There are both active and passive systems that use the “snapshot” method. This is the technique that most people are familiar with as it is the method used in the cameras they have used for years. The snapshot method captures all the pixels of the image at the same time creating the snapshot image. In the case of passive stereo, there are multiple images captured from different perspectives, and the difference between the images is used to calculate the distance to the object (think human sight). This same solution can be accomplished with a single camera as well, if the camera can be moved to multiple locations. 

An active snapshot technique would include time-of-flight, which measures how long it takes for the light to travel to the target and return to a sensor array. In this way, each pixel directly gets a 3D measurement, and only one sensor is needed. There are variations of the snapshot technique like the active option coded light projection. In this case, several high-speed images of the same object are captured as the lighting pattern changes. Then a composite image is created showing depth based on the differences in illumination patterns. Typically the patterns are a series of increasingly narrow lines; finer and finer lines are used to achieve greater resolution. 


Then there are scanning techniques like laser triangulation where a laser light is projected on the object, and the camera captures (typically high speed) images of the light projection as the object moves through the scanning area. A different type of scanning technique is depth from focus. Three-dimensional data is created grabbing a sequence of images over a preset range. The stack of images is scanned through to see where the local focus is maximized, and range is derived from this. This method, while beneficial in that no structured light is needed, can be slow, and the object needs to have some structure to estimate the focus. 

In a scanning technology, 3D images are acquired profile by profile either by moving the object through the measurement region or by moving the camera over the object. To obtain the correct 3D data and thus a valid 3D image, the movement must be either constant or well-known, e.g., by using an encoder to track motion. The created 3D images are usually very accurate. Snapshot technologies create a complete 3D image of objects by taking a single shot just like a typical consumer camera, but in 3D. Object or camera movement is not necessary, but the technologies produce images that are not as accurate as scanning technologies. 

The 3D imaging technologies described in more detail below are laser triangulation (scanning), time-of-flight (snapshot) and stereo (snapshot).

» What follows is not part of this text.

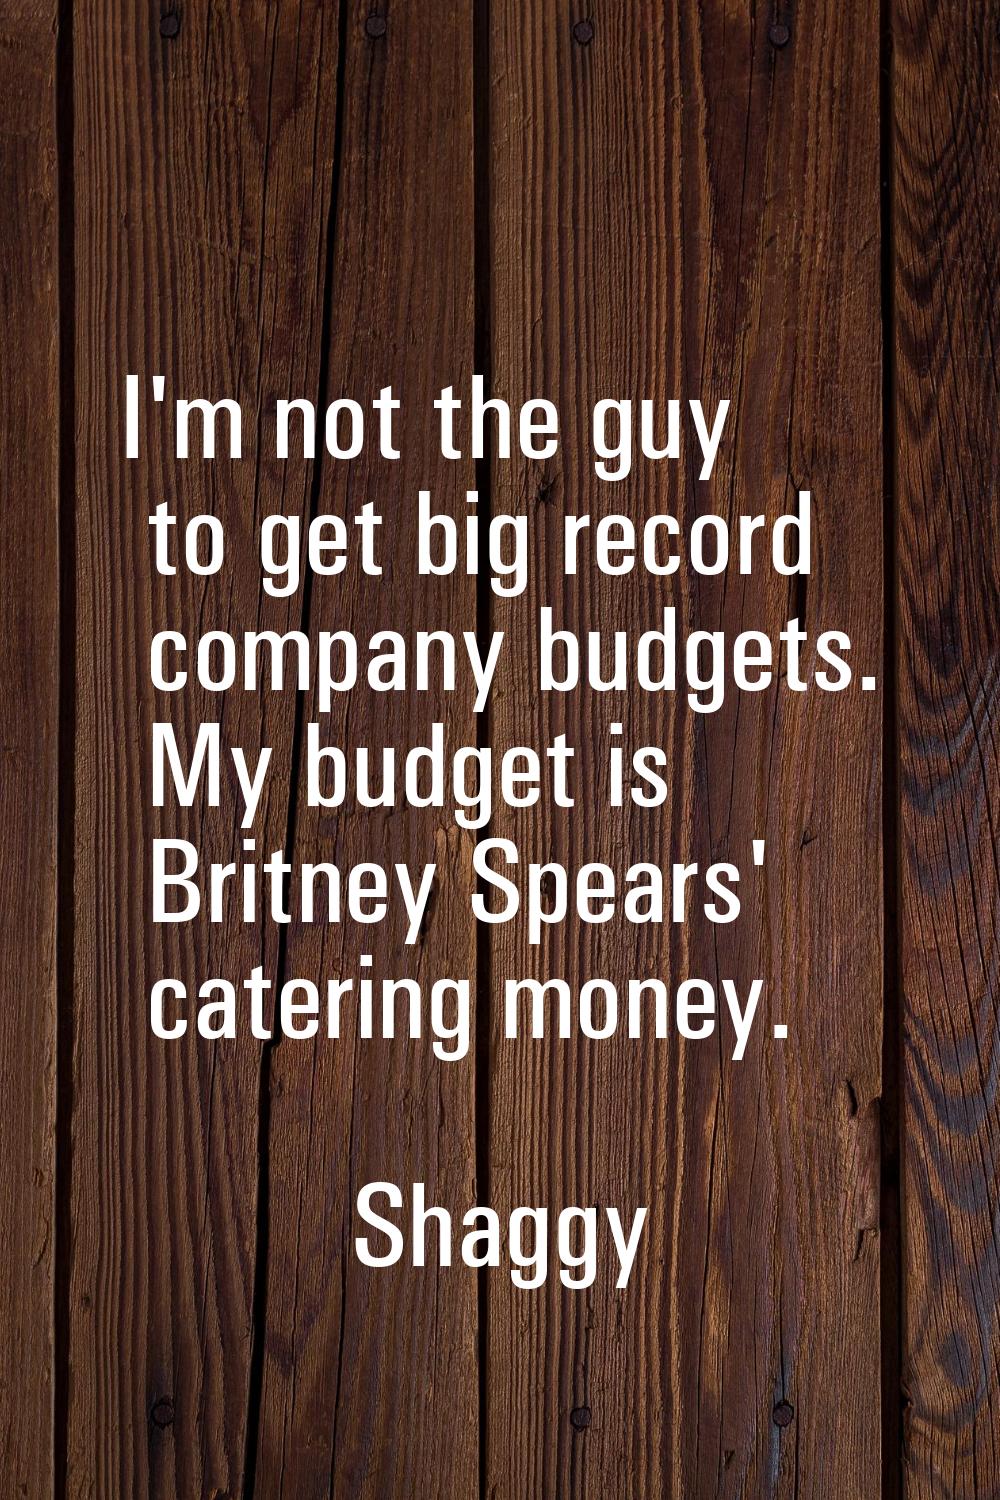 I'm not the guy to get big record company budgets. My budget is Britney Spears' catering money.
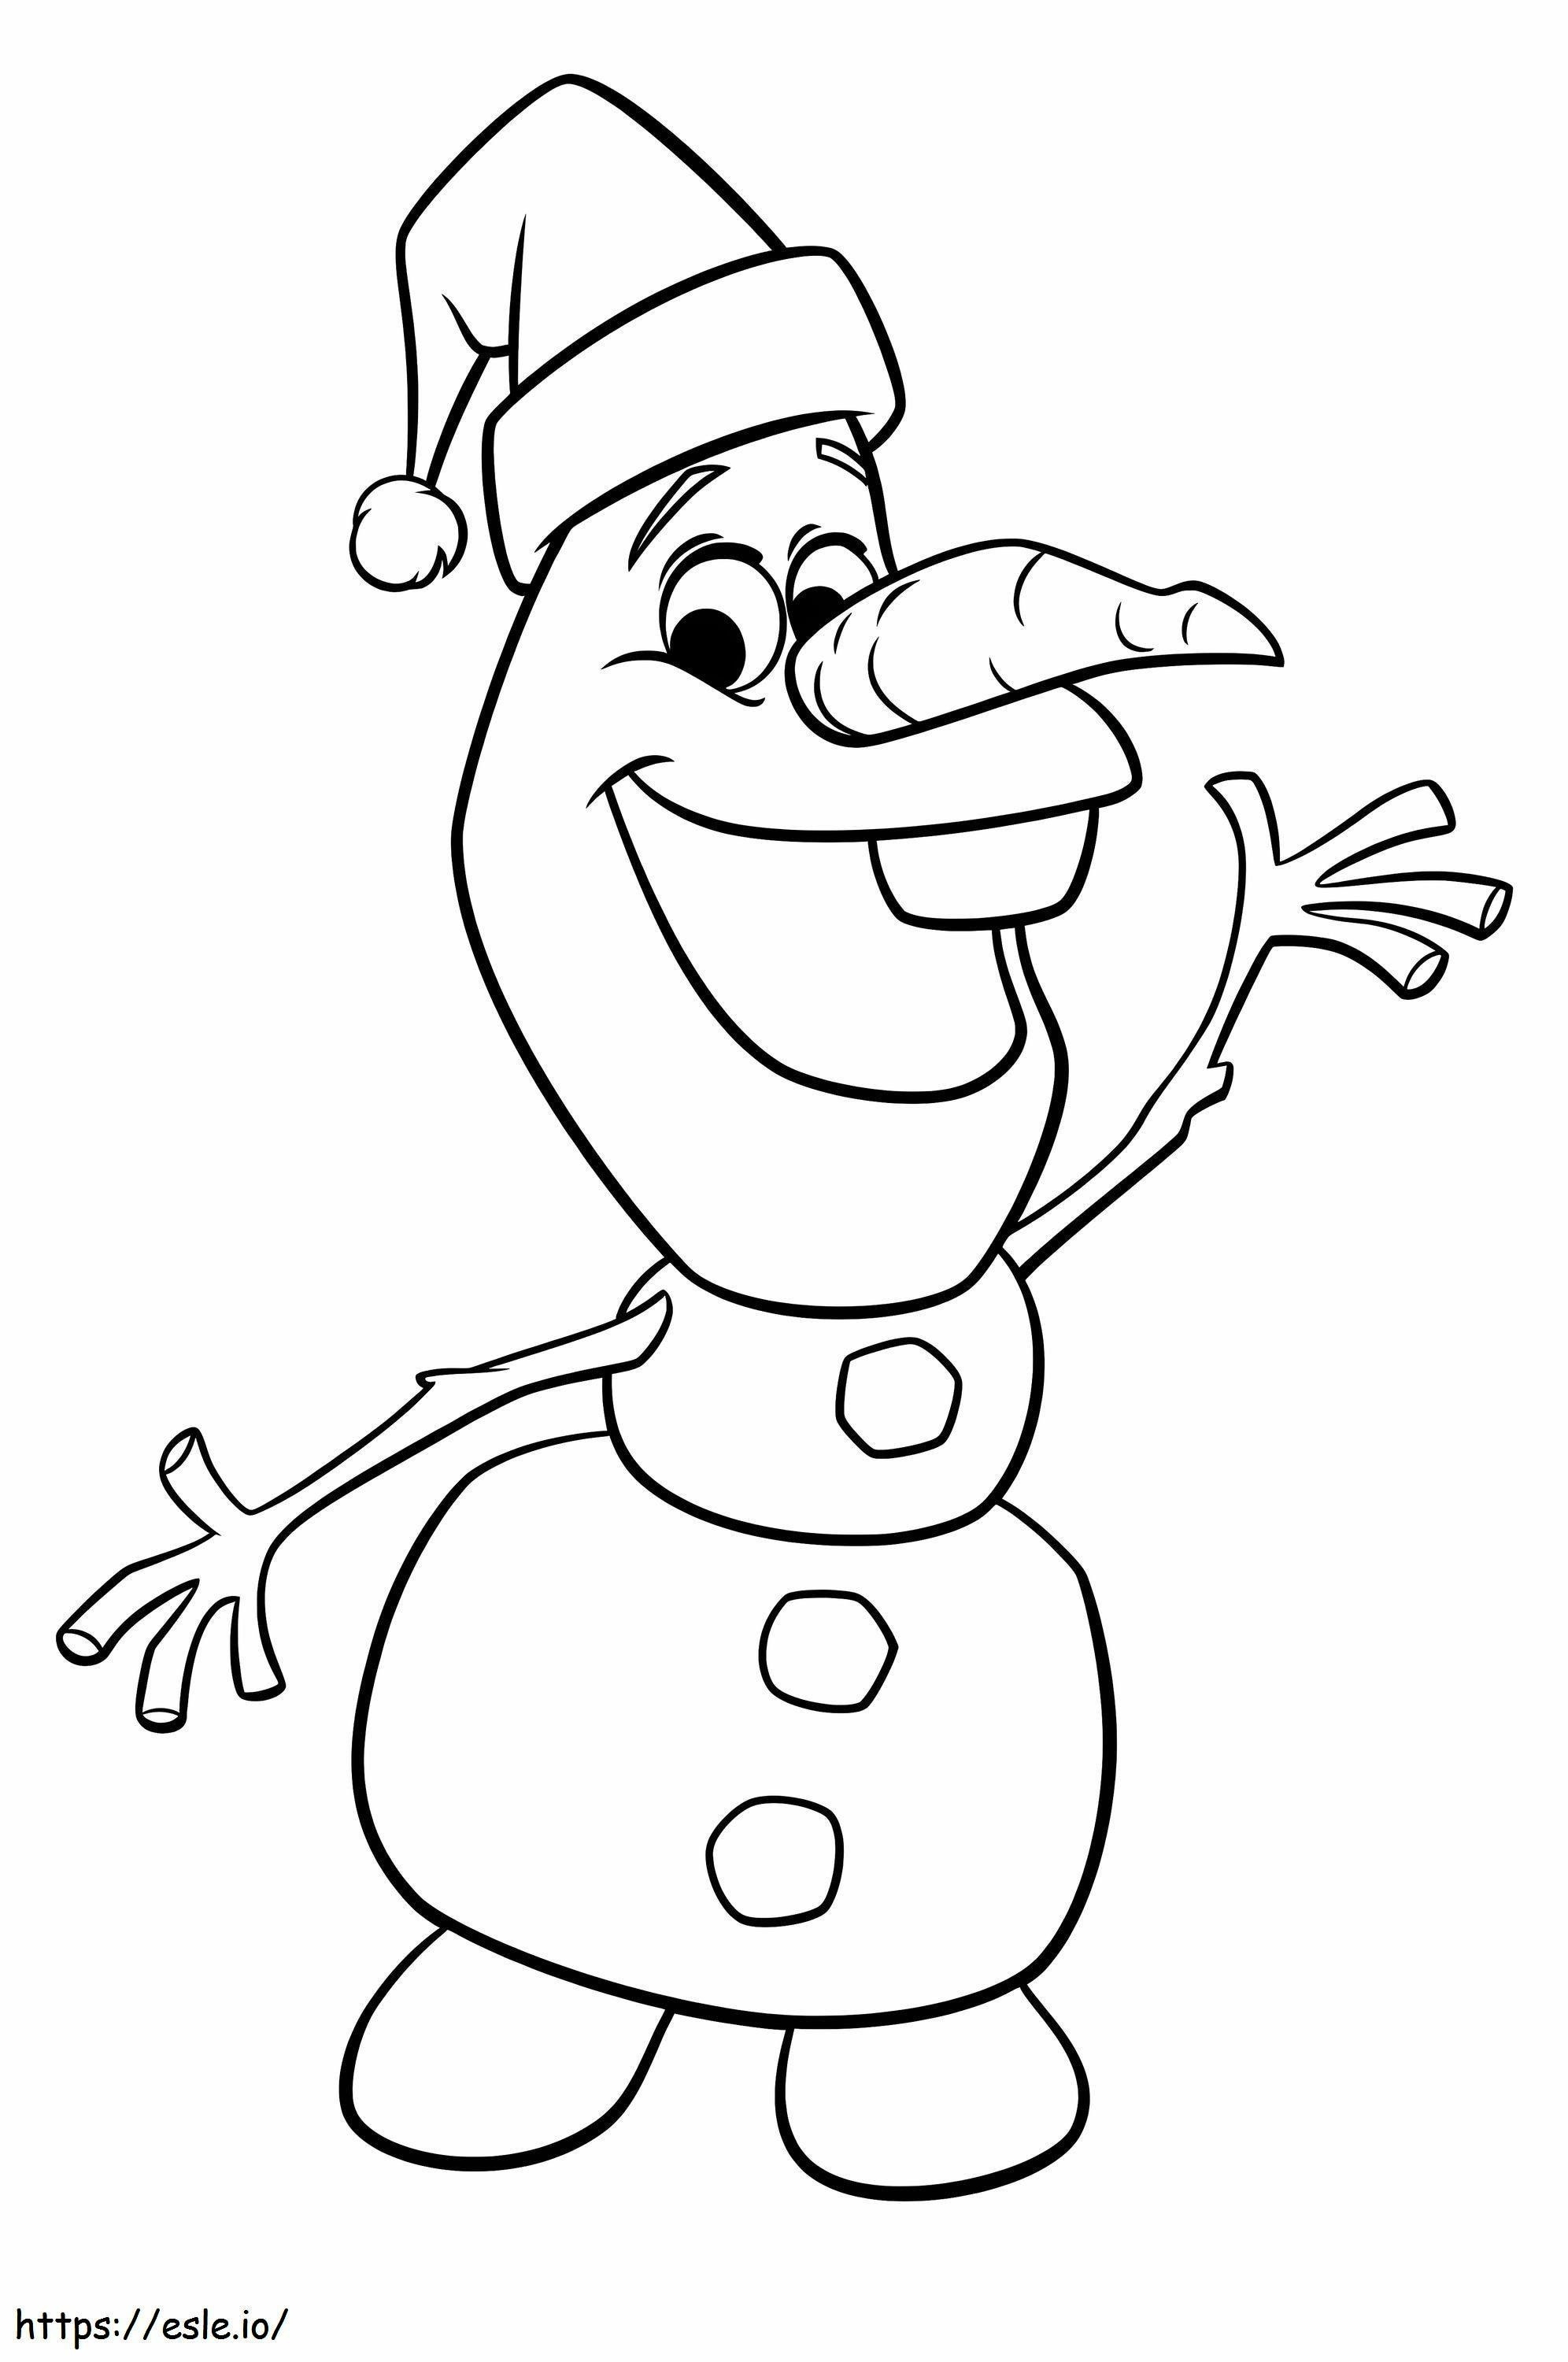 Olaf With Christmas Hat coloring page

Laser triangulation uses a laser line and a camera to collect height profiles across the object. The profiles are put together to create a 3D image while the object is moving. Since the height profile acquisition requires object movement, the method is a scanning technology. Laser triangulation has higher measurement accuracy than time-of-flight, but it has a more limited measurement range. In addition, occlusion is possible where the camera cannot see the laser when it is hidden behind an object. Typical applications include log/board/veneer wood inspection, electrical components/ solder paste inspection, and food and packaging inspection applications. Below are some of the key advantages and limitations of laser triangulation:


  • No need for ambient light
  • High detail resolution and accuracy
  • Relatively short measurement range
  • “Micrometer to mm” resolution scalability
  • No additional scanning needed for moving objects


  • Occlusion (shadow effects)
  • Laser speckles
  • Not suitable for large outdoor applications (~ > 1 m FOV)
  • Not snapshot


Time-of-flight (TOF) 3D cameras create 3D images by using snapshots. This means no object or camera movement is needed. The technology measures the time-of-flight of a light signal between the device and the target for each point of the image. By knowing the phase shift of the signal time arrival relative to the initial signal, the distance between the device and target can be derived. The result is an instant 3D image of the target. Time-of-flight is well suited for applications with a large field-of-view and working distance over 0.5 m.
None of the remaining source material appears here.